Introduction

I have changed the hostfile that determines the order of OpenMPI execution nodes and re-measured OpenMPI performance on the Himeno benchmark as this article I posted it. After posting, I thought about it again and decided to use objective figures instead of my own judgments based on CPU and clock performance.

So this time, I decided to measure the performance of each individual workstation (node), and then decide the order of hostfile according to the results, and measure them again.

Performance measurements for each workstation

For the performance measurement, it was decided to use a calculation size of L for C and static allocate version in order to align the conditions with the MPI version.

The results were as follows. The results of this measurement were added to the list of workstations in this post.

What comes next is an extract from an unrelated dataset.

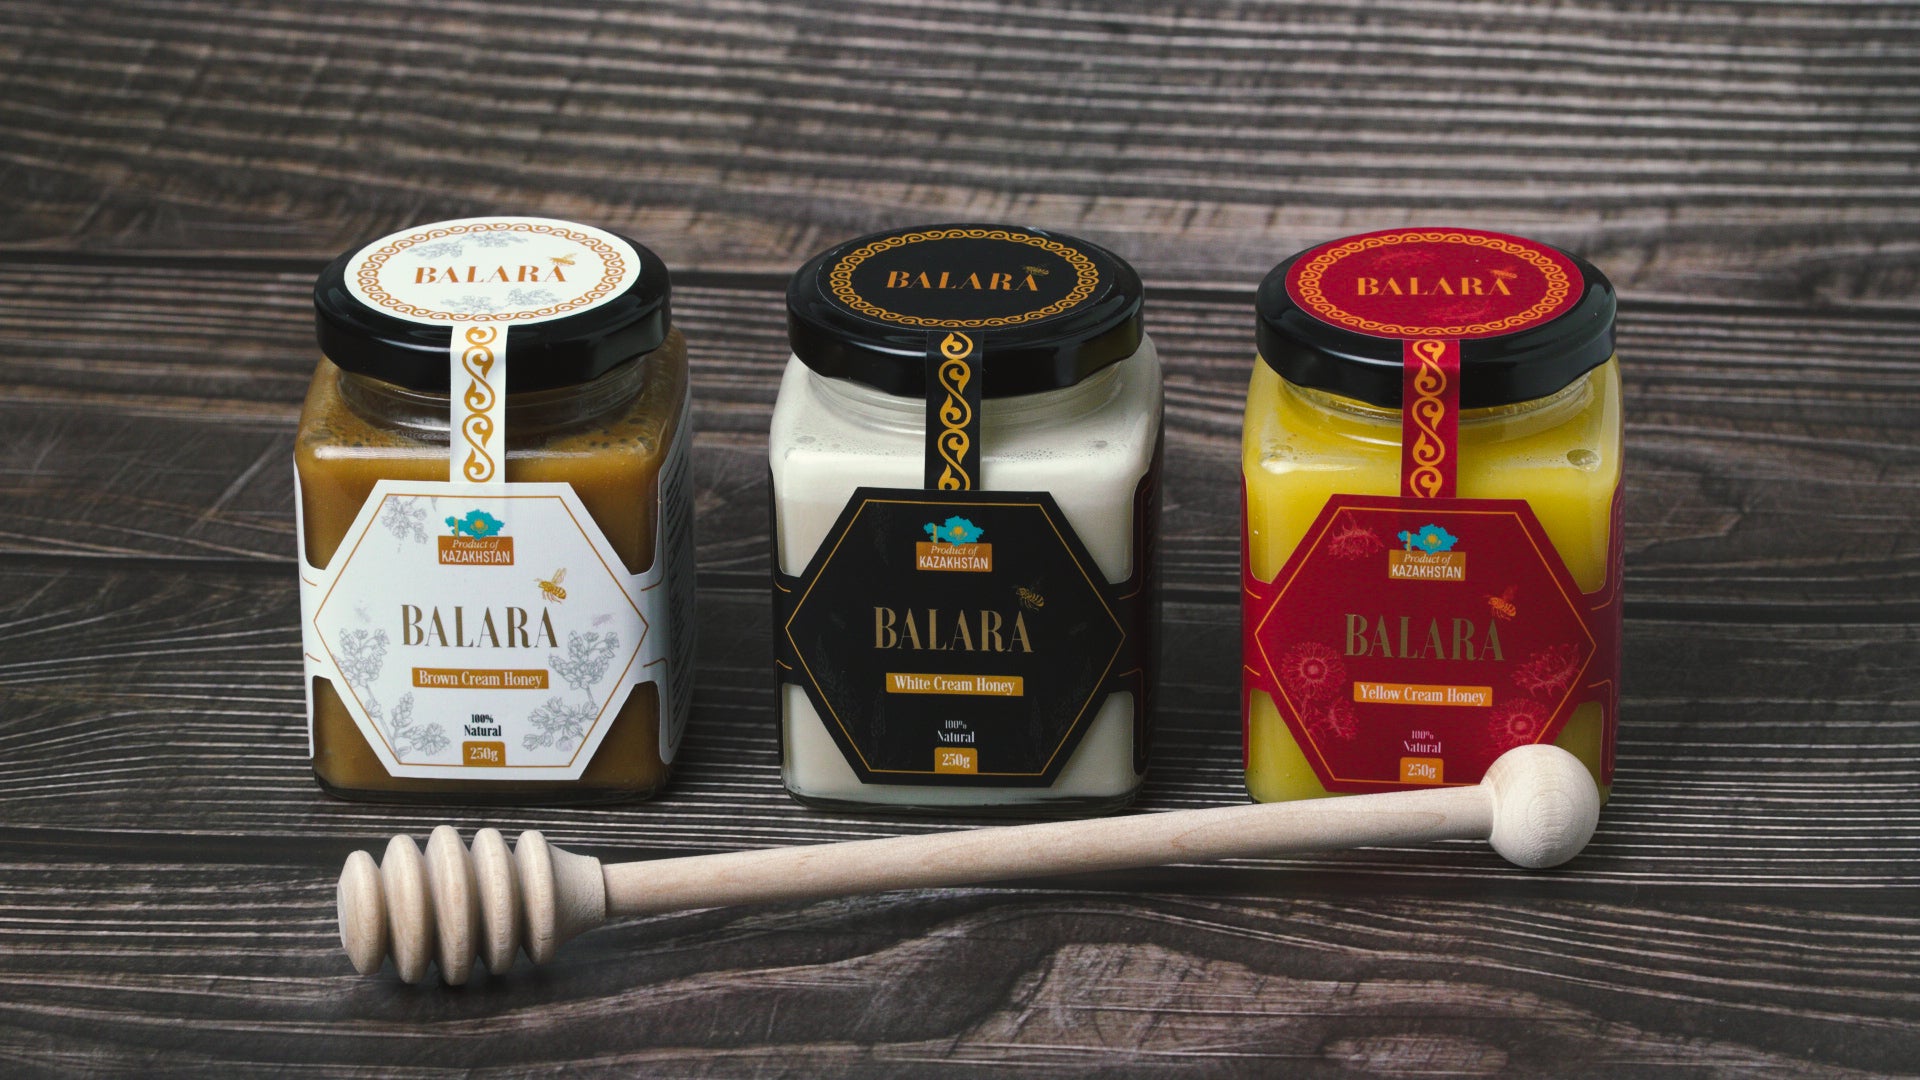 Balara 100% organic cream honey

	jupiter	ganymede	saisei	mokusei	europe
CPU	Xeon(R) CPU E5-1620 @ 3.60GHz	Xeon(R) CPU E5-2620 @ 2.00GHz	Xeon(R) CPU E5-2643 @ 3.30GHz	Xeon(R) CPU E5-2609 @ 2.40GHz	eon(R) CPU E3-1270 v5 @ 3.60GHz
# of CPU	1	1	1	2	1
# of core	4	6	4	4	4
MFLOPS	4,775	3,312	4,616	3,109	5,438

hostfile

From the above results, hostfile was changed as follows.

# cat myhosts
europe slots=4
jupiter slots=4
saisei slots=4
ganymede slots=6
mokusei slots=8

Measurement Results

The number of boot processes and MFLOPS values without/with slots were as follows.

np	MFLOPS（without slot）	MFLOPS（with slot）
2	9,186	9,179
4	11,294	11,260
8	20,411	20,433
16	36,907	36,056
32	23,041	21,068
64	8,734	9,040

ejsgm

So far, the graphs of the results of the three measurements are as follows. The name of this time’s results shall be ejsgm.

comparison

Summary

Compared to the last time (results of the March 17 article), I have determined that the current results have not changed overall, although the numbers are a few percent better at 16 processes.

I don’t even know if I was incorrect for some reason about the results measured at 16 processes in the first (February 23 article).

Re-measurement for verification (additional details at a later date)

In the above, I suspected that the measurement results for 16 processes in this article were not being measured correctly, so I measured them again. I decided to try it.

First, I changed the hostfile as follows.

# cat myhosts
europe slots=4
jupiter slots=4
ganymede slots=6
saisei slots=4
mokusei slots=8

After that, we varied np from 2 to 64 and recorded the output MFLOPS. The results are as follows, and the values for February 23 are also listed for reference.

np	MFLOPS（Feb. 23rd article）	MFLOPS（currently measured）	prev／curr comparison
2	9,171	9,170	1.000
4	11,234	11,200	1.000
8	20,413	20,437	0.999
16	29,589	29,660	0.998
32	23,018	23,179	0.993
64	9,216	8,290	1.112

As mentioned above, there is some variation in the measured values when using 64 processes, but when using 2 to 32 processes, they match very well. Therefore, I judge that the data in the article posted on February 23rd is reliable.